Nettes kleines Spielzeug. Schöne Idee für meine 2 Buben zum Basteln, aber als "Futterboot" denke ich etwas ungeeignet.
Der Treadersteller sagte was von "nutzbarem Transportgewicht von 3kg" und ich denke das das die Kapazität von Plastikflachen etwas übersteigt. 
Außerdem sollte das ganze ja noch steuerbar und mit wassergeschützter Elektronik sein.

Der Rumpf sollte schon ausreichend stabil sein und die "teure" Elektonik vor Wasser schützen können. Außerdem sollte er ja, wie der Name schon sagt, auch das Futter in ausreichender Menge + die dazugehörige Montage an ihren Platz im See transportieren können. Auch das Abladen selbiger, mittels Fernsteuerung sollte nicht vergessen werden!!

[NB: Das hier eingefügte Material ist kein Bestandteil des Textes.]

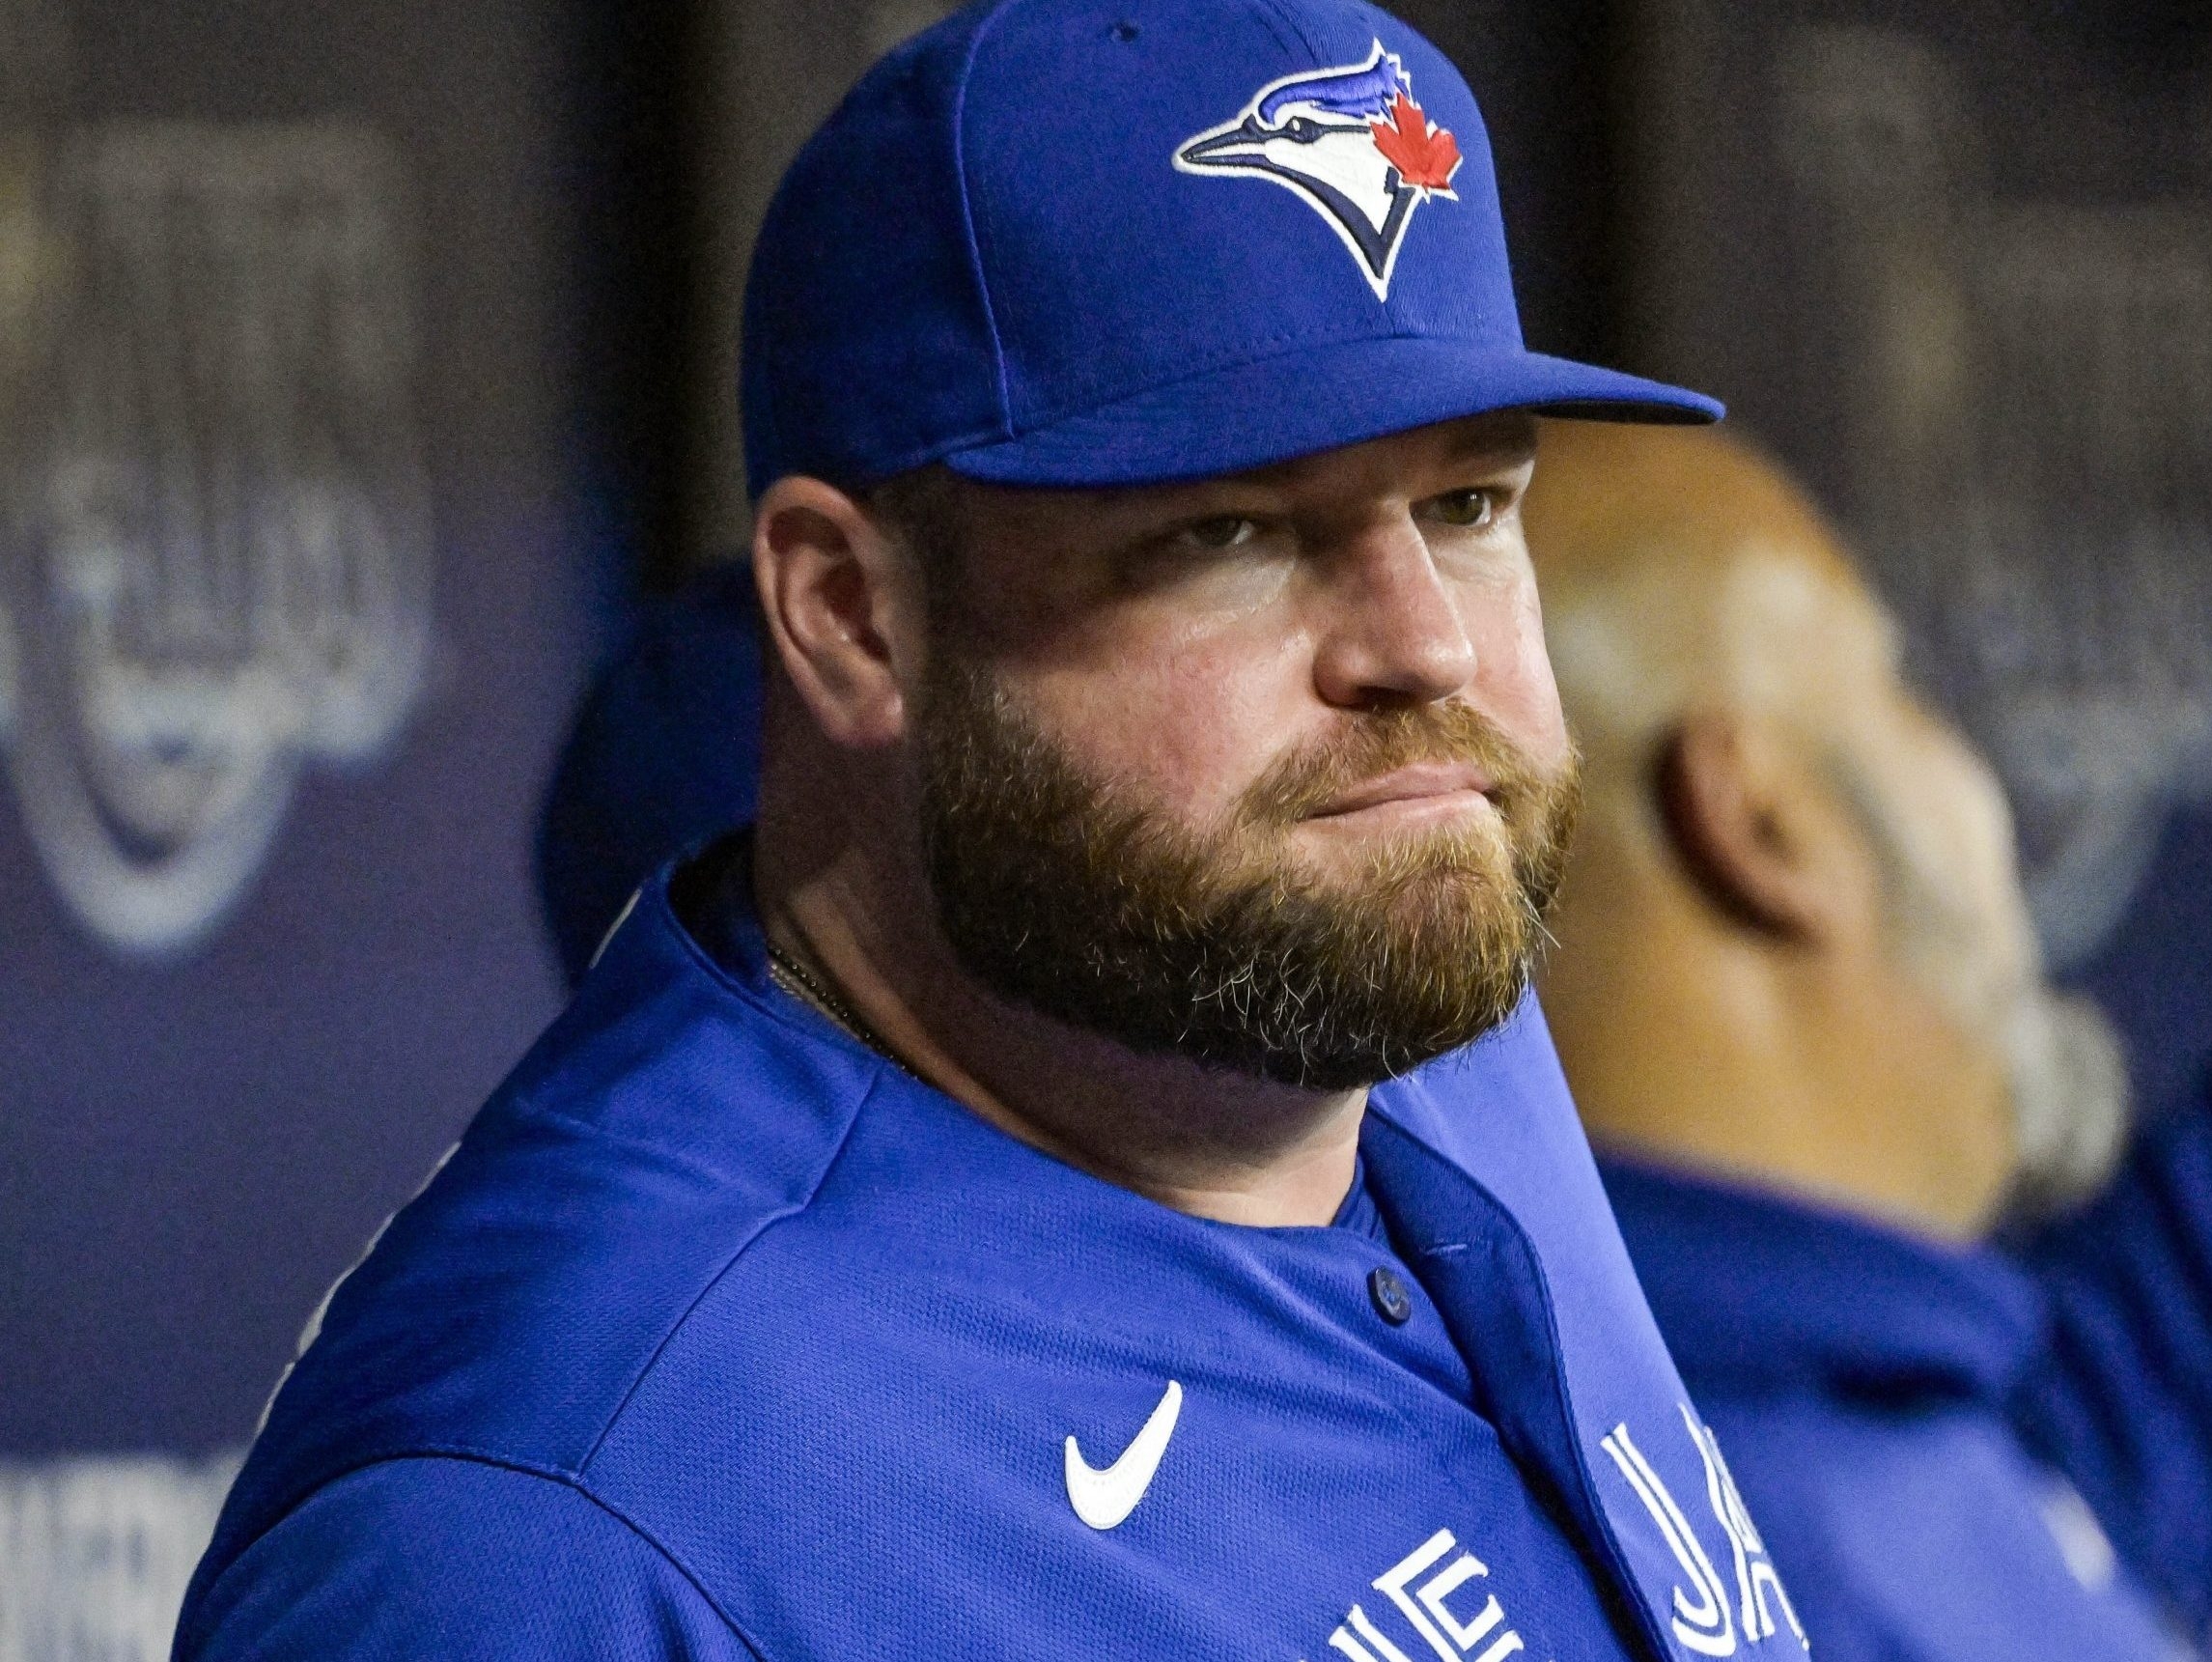 Blue Jays manager John Schneider on the hot seat? Don't be ridiculous

Der Rumpf selber, wird wohl auch das wenigste Problem sein, finanziell gesehen. Mit etwas handwerklichem Geschick, kann man diesen stabil und sicher mit geringen kosten aus den verschiedensten Materialien selber bauen.
Der größte finanzielle Aufwand besteht im Antrieb und in der Steuerungselektonik, die in diesem Falle unverzichtbar ist!!


----------



## norwegian_sun (27. November 2013)

*AW: Futterboot Selbstbau - Lowcost !!!*

war ja nur als anregung gedacht, aber mit 2 1,5 liter flaschen (coca cola, fanta, sehr stabil) auf jeder seite, also 4 stücK hat das teil ne wahnsinnige tragkraft, versuch einfach mal, nen 5kg eimer mit deckel unter wasser zu drücken.......die elektronik wasserdicht einpacken sollte auch nicht das problem sein und als deck würde ich ne kunststoffplatte nehmen, eventuell einen rest von sone lichtplatten fürs dach mit luftkammern, sind schön stabil...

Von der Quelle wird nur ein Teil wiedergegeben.